In the general case, ensure that the address used by the PREFETCH is offset into the middle of an aligned quadword near the end of the cache-line. For example, if the address desired to be prefetched is "ADDR", use an offset of 0x33 to compute the address used by the actual PREFETCH instruction as: "(ADDR & ~0x3f) + 0x33"

Footnotes

[1] AMD Athlon(tm) Processor Model 6 Revision Guide 24332F June 2003.

www.amd.com/us-en/assets/content_type/white_papers_and_tech_docs/24332.pdf

[2] Revision Guide for AMD Opteron(tm) Processors 25759 Rev. 3.07 Aug 2003

www.amd.com/us-en/assets/content_type/white_papers_and_tech_docs/25759.PDF

Here is a patch to detect a prefect exception for 2.6.0test5/i386

I'm posting the versions for 2.4.22/x86-64 and 2.4.22/i386 in separate mail. 2.6/x86-64 is not done yet, but will be in my next merge.

The patches only change the slow path in the page fault handler - PREFETCH is only checked for when the kernel would send a signal anyways or print an oops. The check is also rather cheap so it is unconditionally enabled.

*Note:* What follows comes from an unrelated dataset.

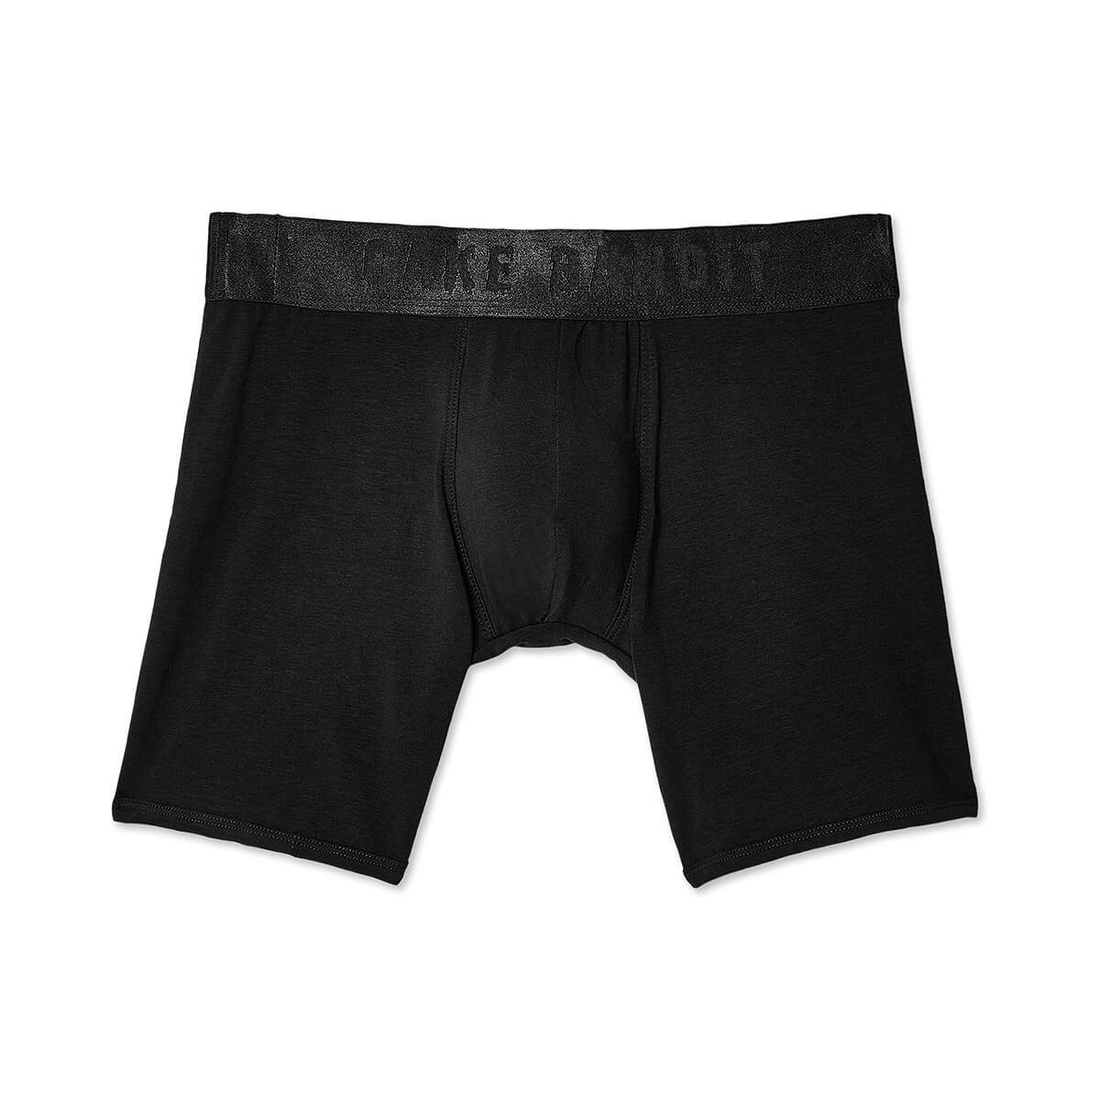 Packing Underwear Boxers, Briefs, Jocks, Swimwear & Harnesses – TG Supply

It handles SSE2 prefetches and 3dnow! style prefetches.

The only tricky bit is that it has to be careful to avoid recursive segfaults. The prefetch checker can cause another page fault when it does __get_user, but these should not recurse more than once.

This is insured by the placement of the checks in the page fault handler and only checking for prefetches if the fault came from user space or the exception tables have been already checked. To make this work without a per task exception nest counter I had to change the SIGBUS handling path slightly. Now when an get/put_user in kernel causes a SIGBUS it is not delivered to user space. Instead you just get the standard EFAULT back.

It also removed Andrew's old workaround for the problem.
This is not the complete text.